§ Exercise directions
Having located "Hydrangea blue in" in the listing below, write out its line and every following line exactly, last line included, without the pictures.

§ Provided material
:::::

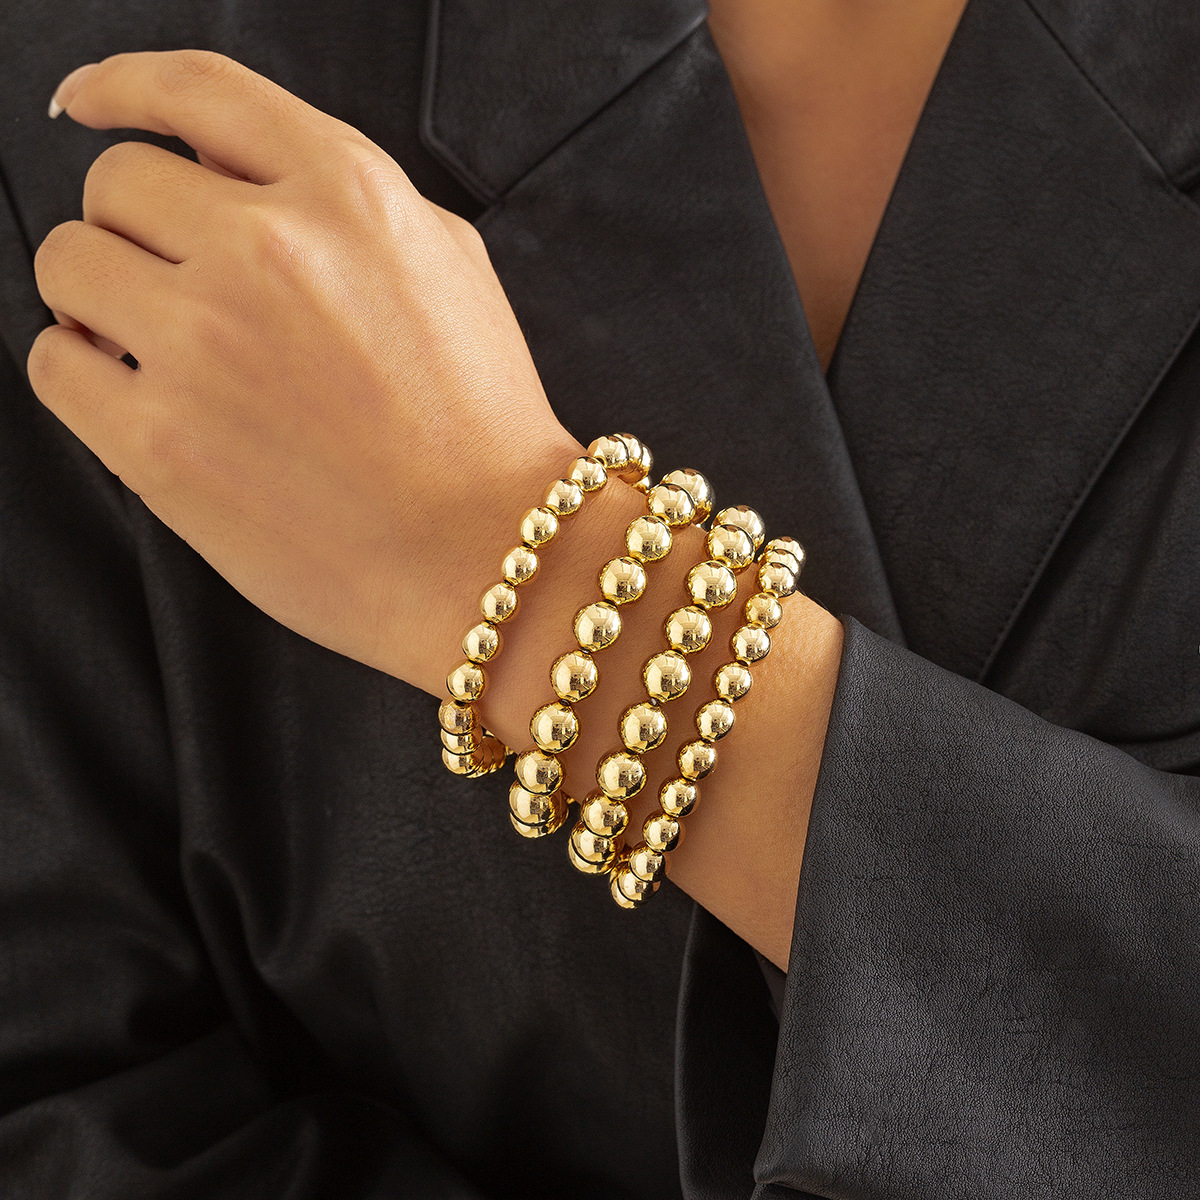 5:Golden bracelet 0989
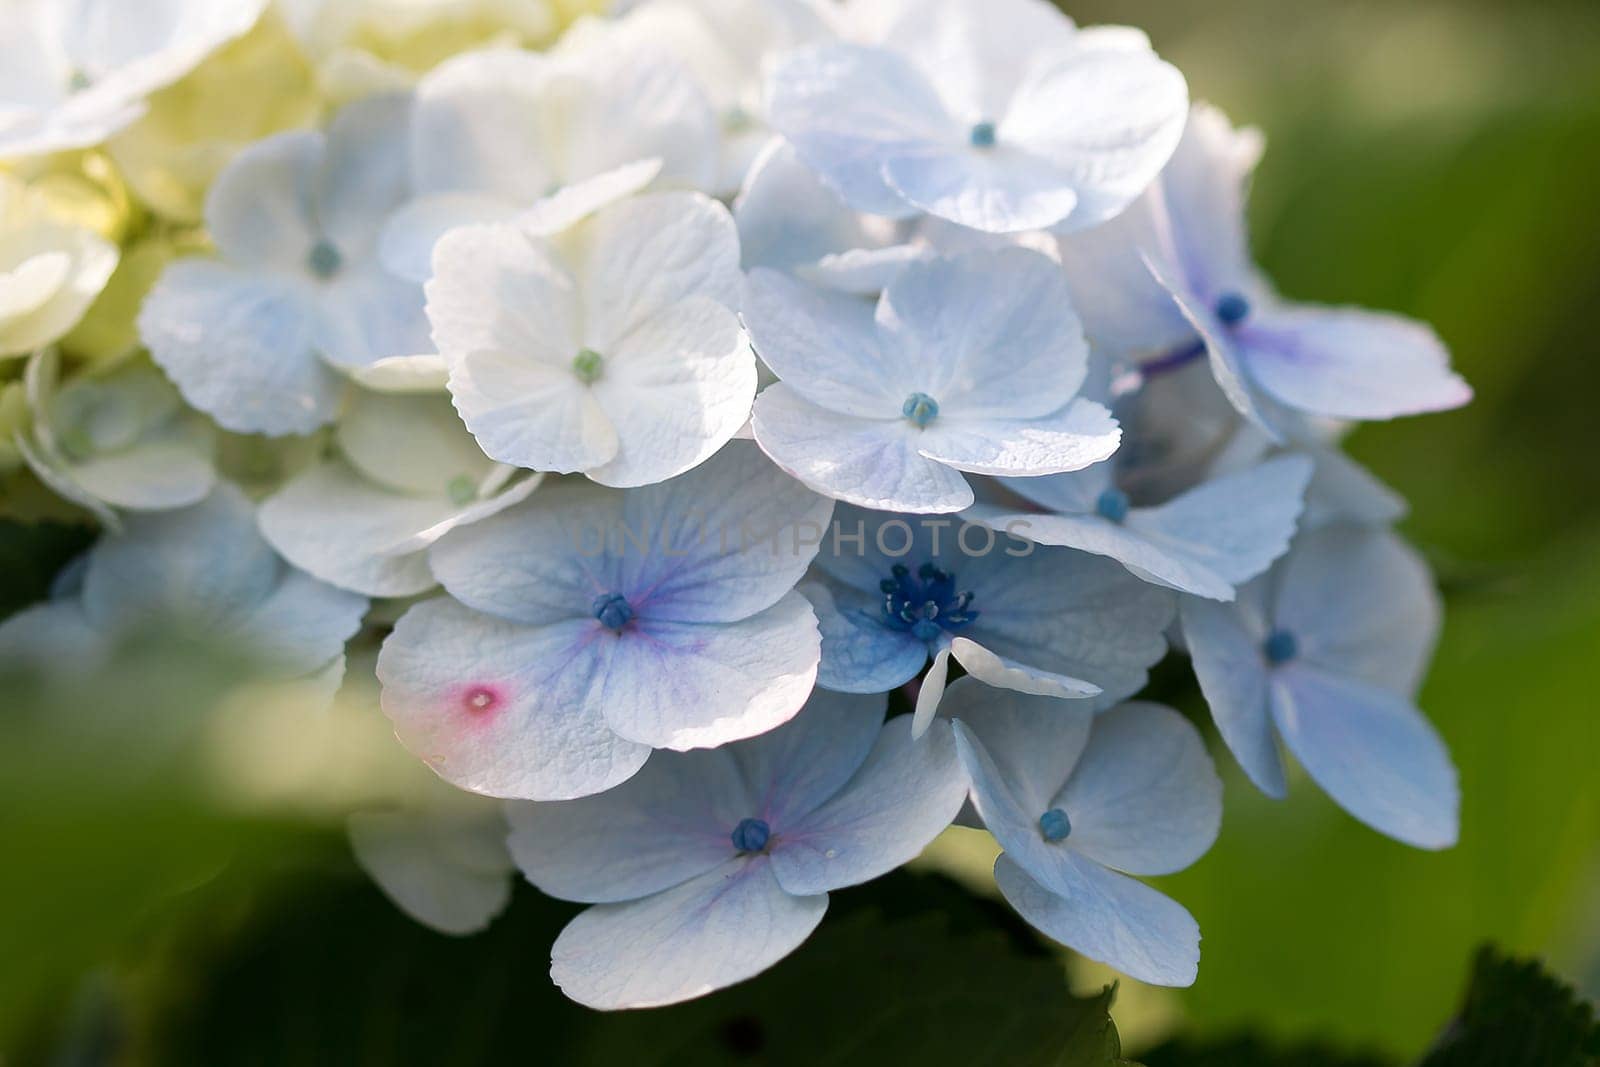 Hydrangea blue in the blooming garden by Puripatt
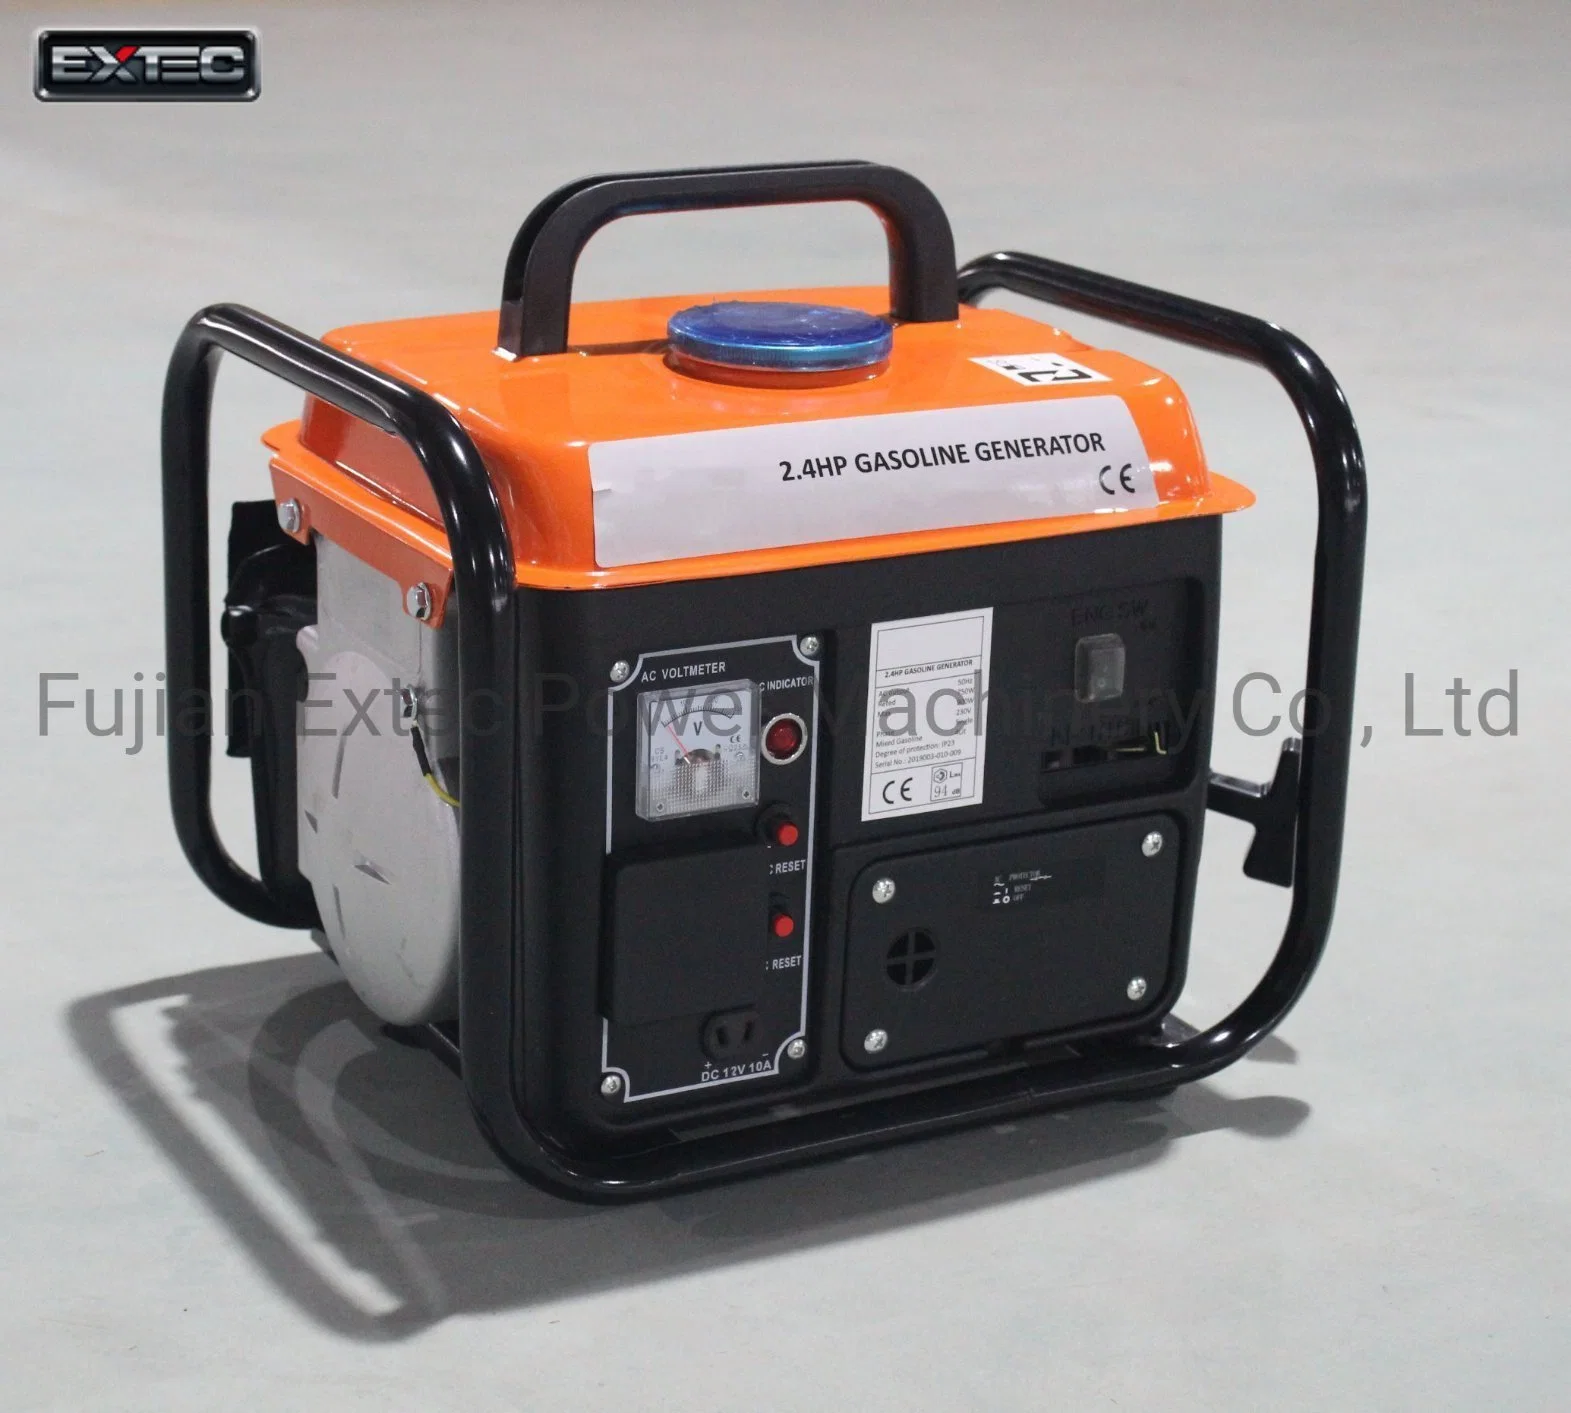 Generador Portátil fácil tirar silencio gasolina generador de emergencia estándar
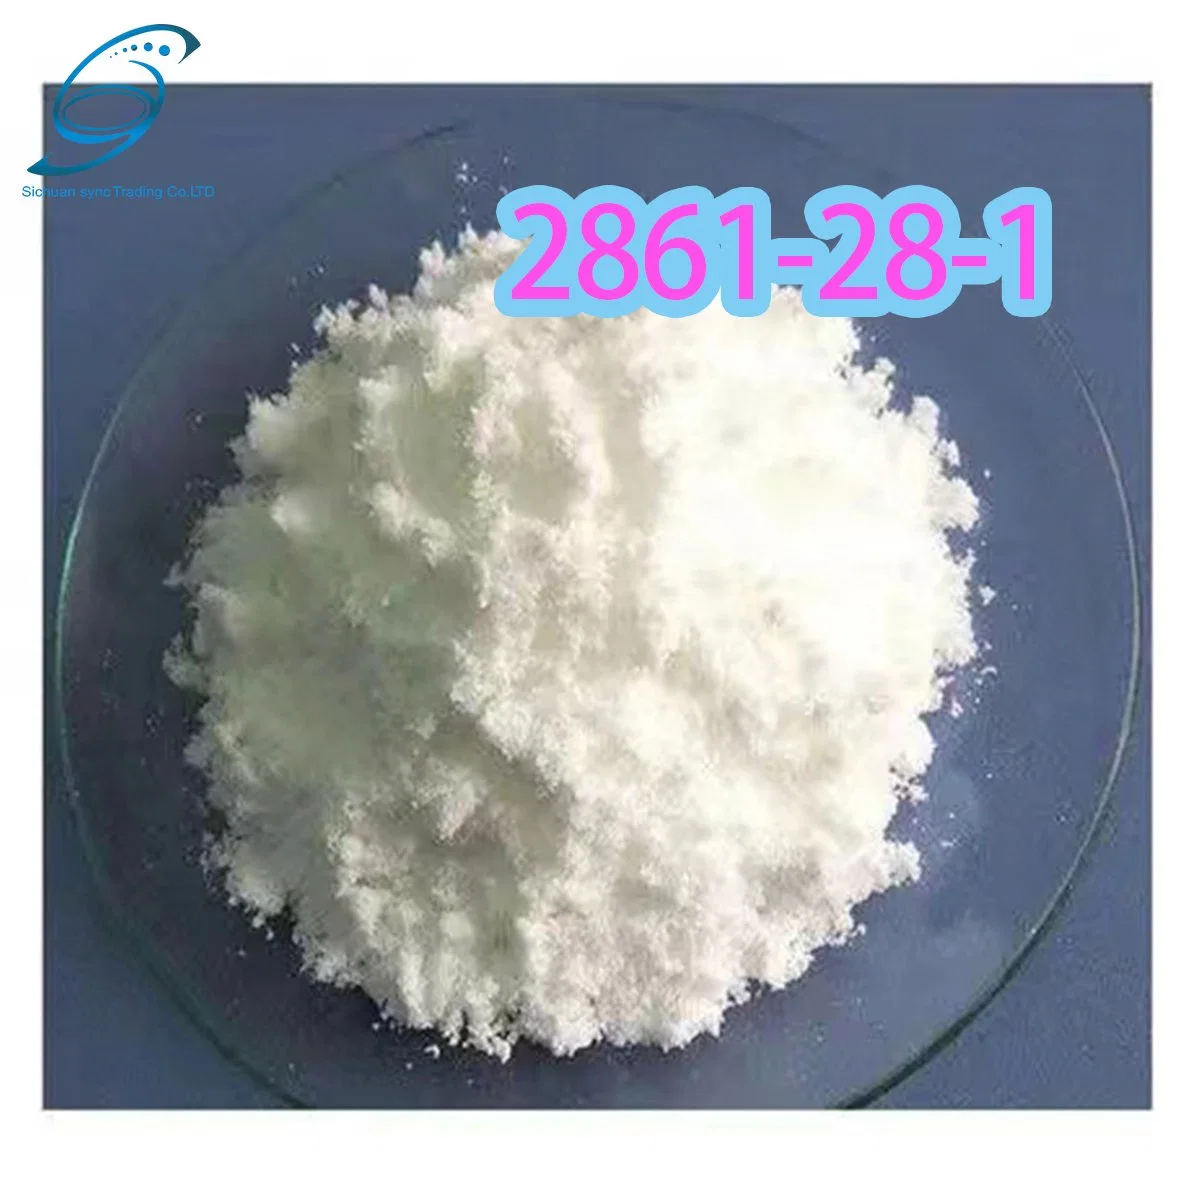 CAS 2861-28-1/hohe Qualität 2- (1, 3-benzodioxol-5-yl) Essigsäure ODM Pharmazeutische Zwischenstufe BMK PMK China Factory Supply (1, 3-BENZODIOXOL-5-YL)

:::::

§ Output for this task
 Hydrangea blue in the blooming garden by Puripatt
 Generador Portátil fácil tirar silencio gasolina generador de emergencia estándar
 CAS 2861-28-1/hohe Qualität 2- (1, 3-benzodioxol-5-yl) Essigsäure ODM Pharmazeutische Zwischenstufe BMK PMK China Factory Supply (1, 3-BENZODIOXOL-5-YL)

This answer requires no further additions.